La trasformazione digitale sta abilitando un’accelerazione del cambiamento in tutti i settori; tra questi la mobilità è investita in pieno. Questo cambiamento mostrerà i suoi benefici migliori all’interno di quei territori che saranno in grado di dare la giusta attenzione all’attrazione di innovazione tecnologica (fattore scatenante del cambiamento e) allo sviluppo di competenze che supporteranno il lavoro futuro.

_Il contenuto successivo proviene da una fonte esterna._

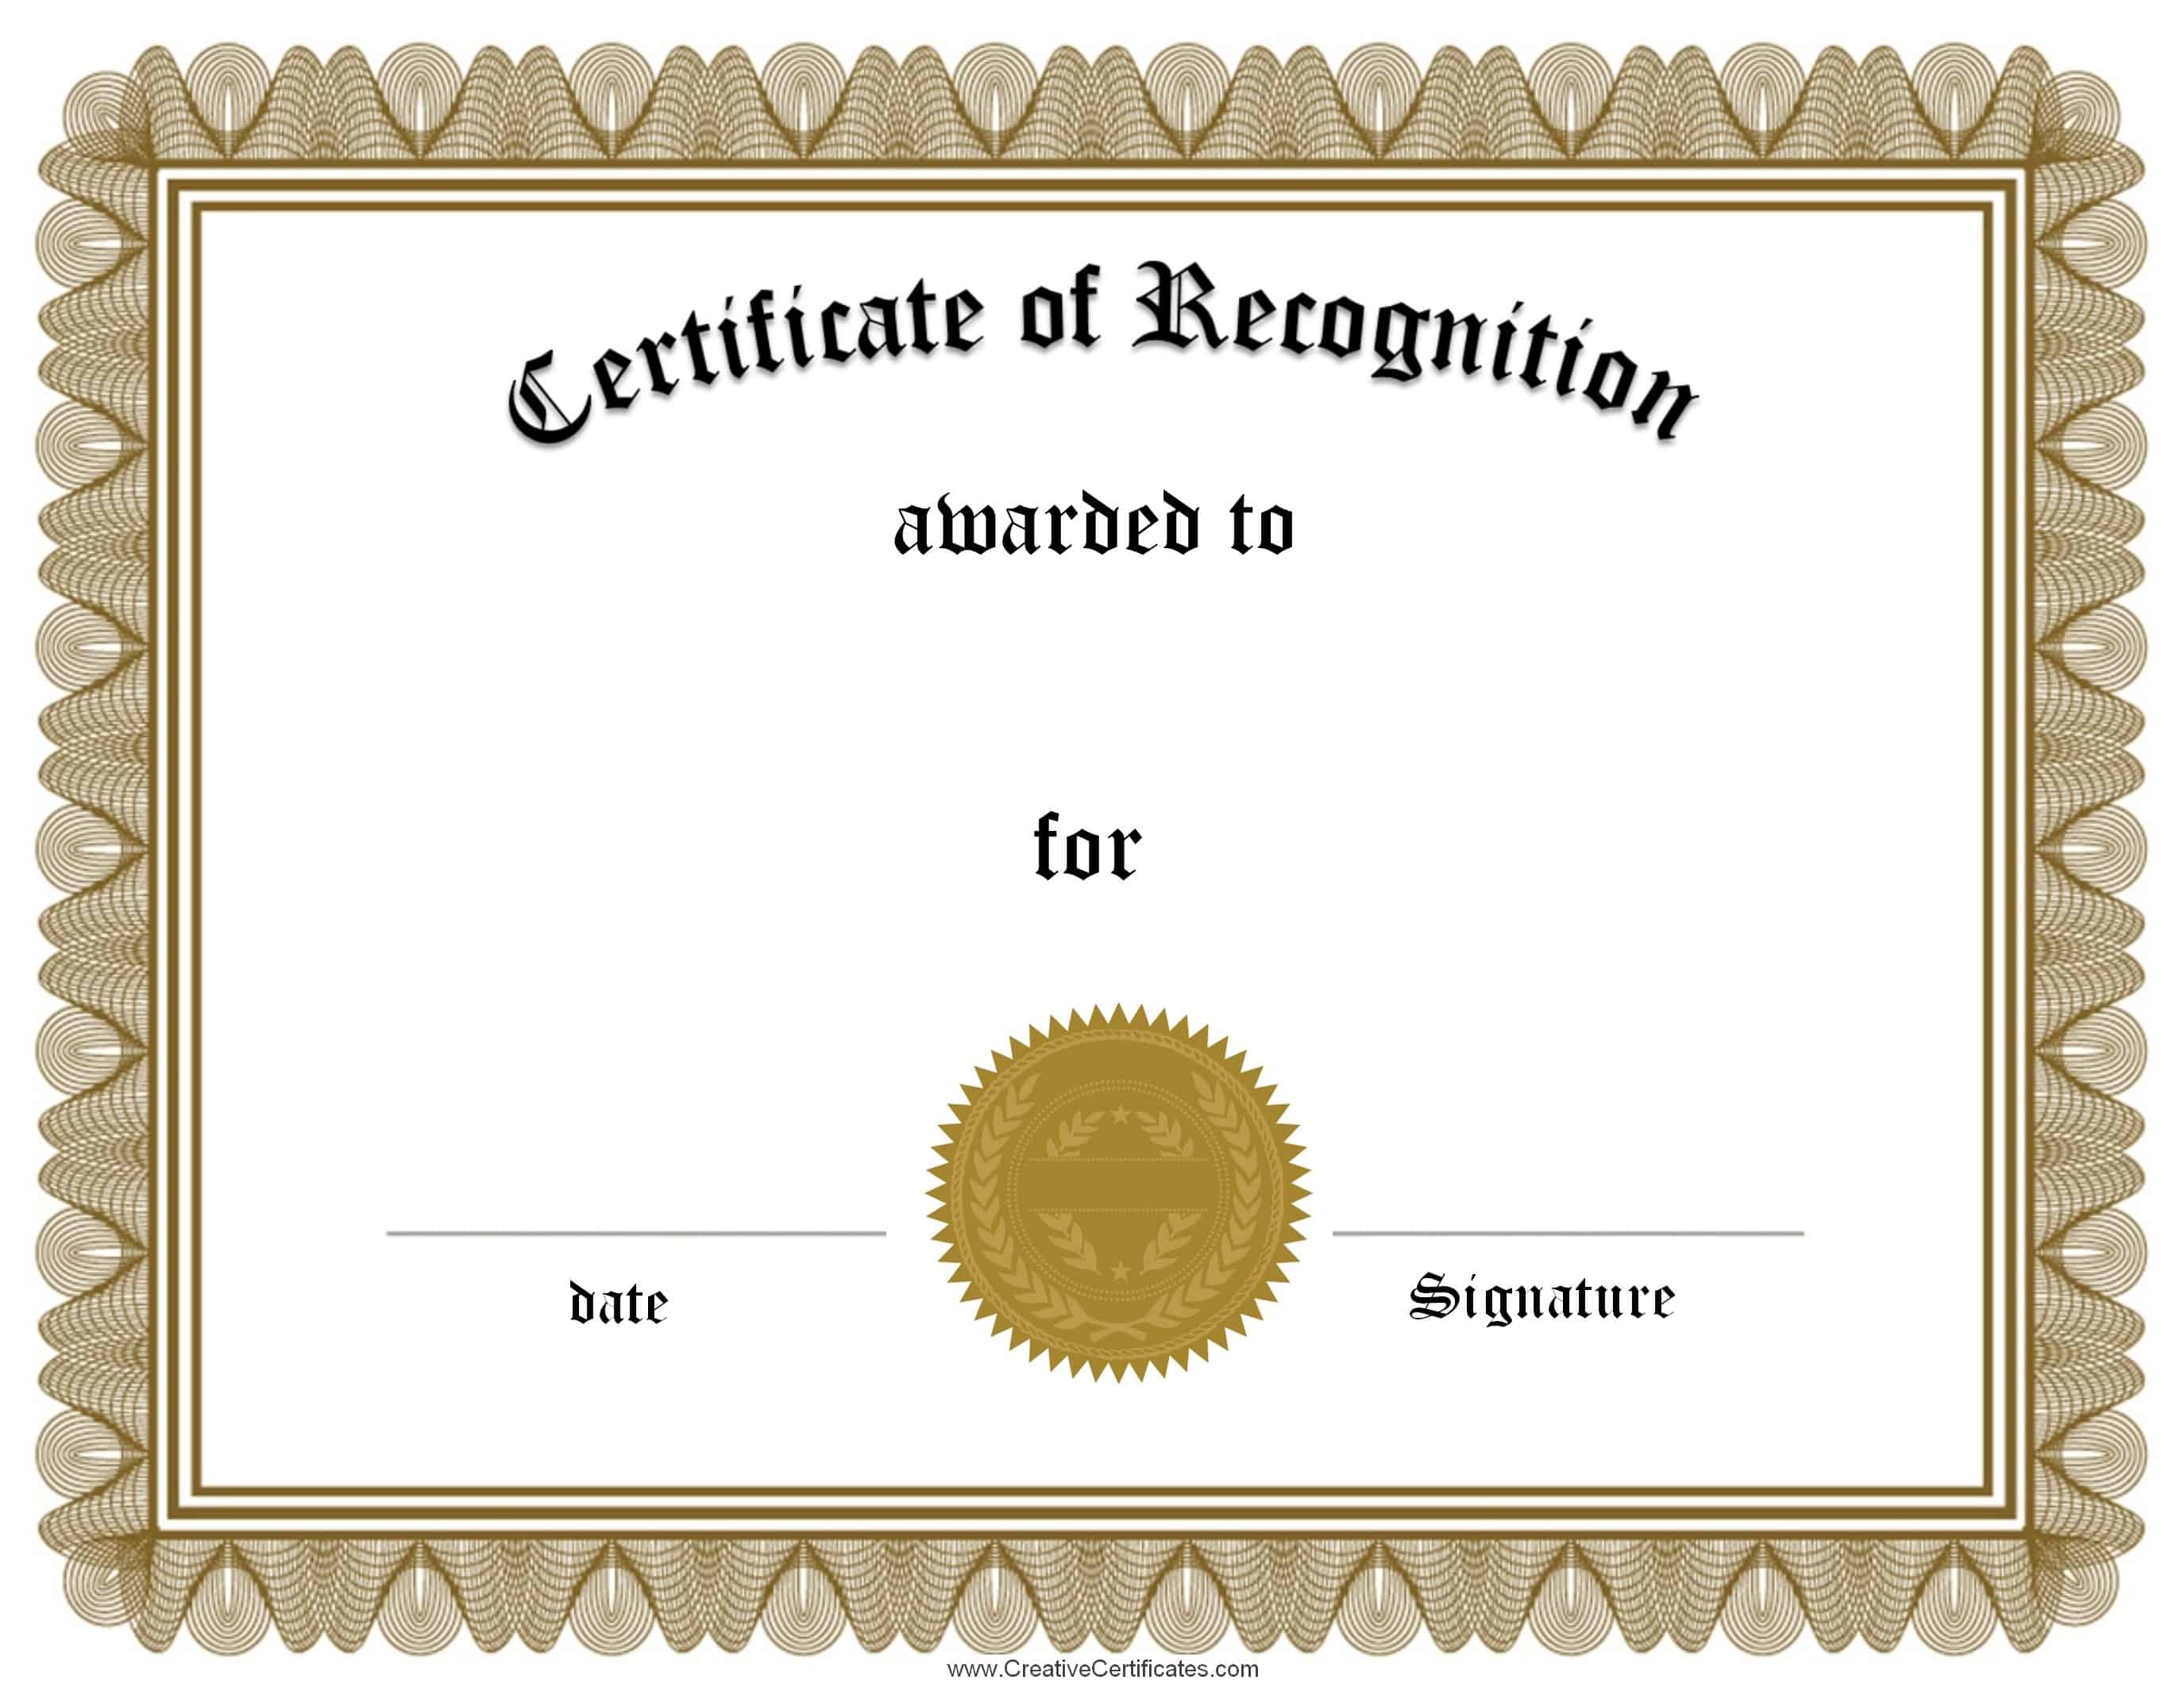 certificate of recognition template
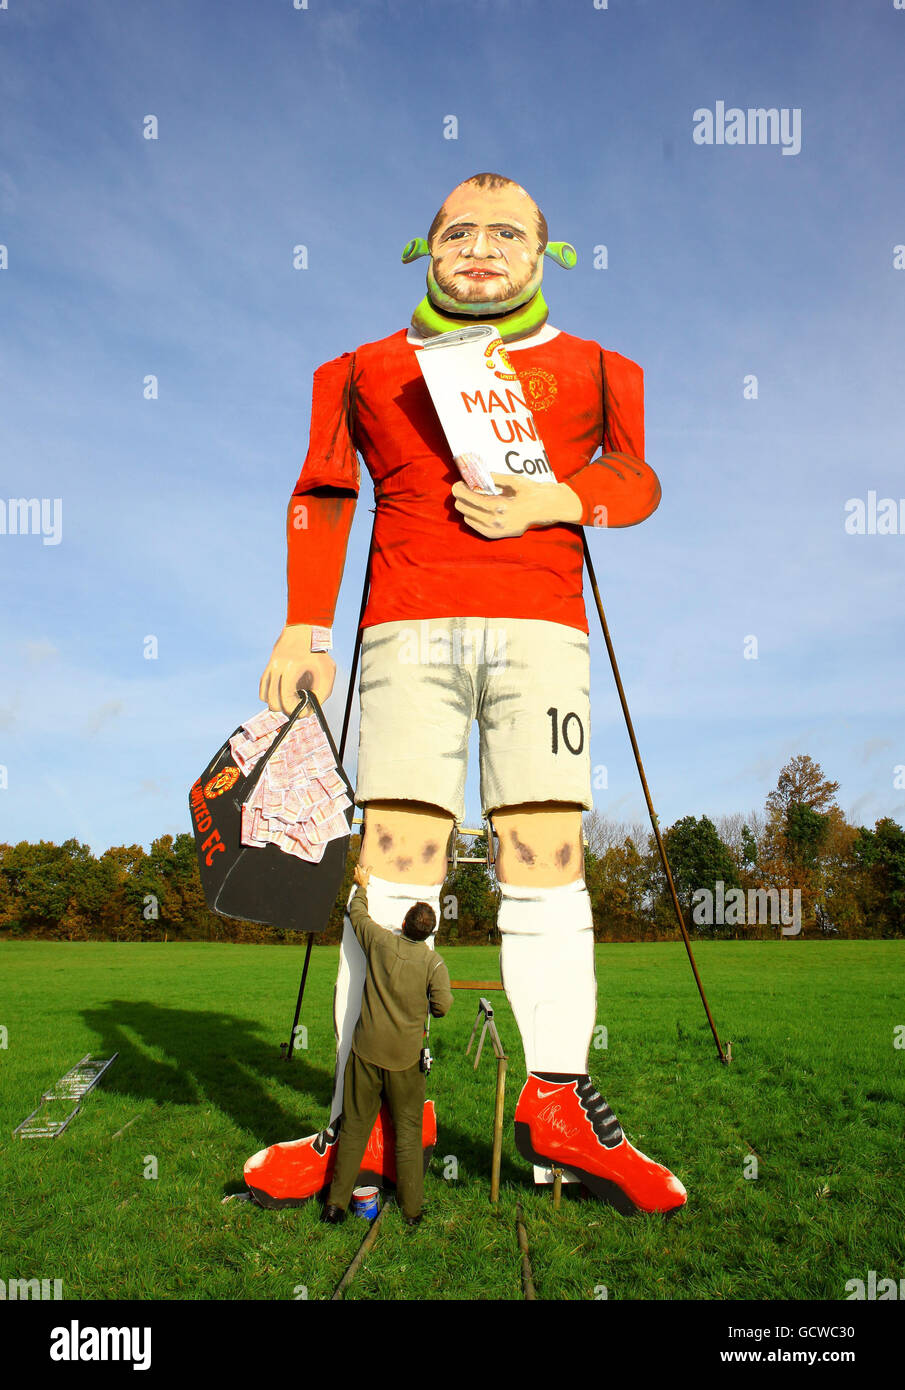 Barry Stableford of the Edenbridge Bonfire Society puts the final touches to the Edenbridge Celebrity Guy in Edenbridge, Kent, which this year is Wayne Rooney, ahead of the town's bonfire night display on Saturday. Stock Photo

Si pensi all’aumento dei posti di lavoro complementari al mercato dei veicoli autonomi, la produttività per gli utilizzatori di veicoli autonomi che ridurranno notevolmente i tempi di spostamenti, alla possibilità di essere alla portata di tutti (bambini, anziani, disabili), una riduzione dell’inquinamento e del traffico… L’auto autonoma porterà anche ad una diminuzione degli incidenti stradali (ad oggi il 90% di incidenti sono causati da distrazione umana e causano in Italia circa 4680 morti e 190.000 feriti all’anno). La Città si pone non solo come piattaforma all’interno della quale fare sperimentazione,  sciogliere problematiche amministrative e autorizzative, facilitatore di collaborazioni tra diversi player interessati alle dinamiche di mercato, ma anche come partner per le aziende di innovazione, che vogliano immaginare nuovi modelli di business e modelli sociali, dove la città compartecipa a rischi e ritorni delle innovazioni. Nasce così una forte sinergia tra pubblico e privato che non perde mai di vista le esigenze dell’attore più importante: il cittadino.  Il cittadino, vive le sperimentazioni di innovazione nella sua città, testa i servizi che la mobilità autonoma darà in futuro, condivide esigenze, opinioni e idee con la comunità e i soggetti privati, partecipando così ad un processo di coproduzione disintermediato, che porterà inevitabilmente a nuovi modelli di relazioni all’interno delle città.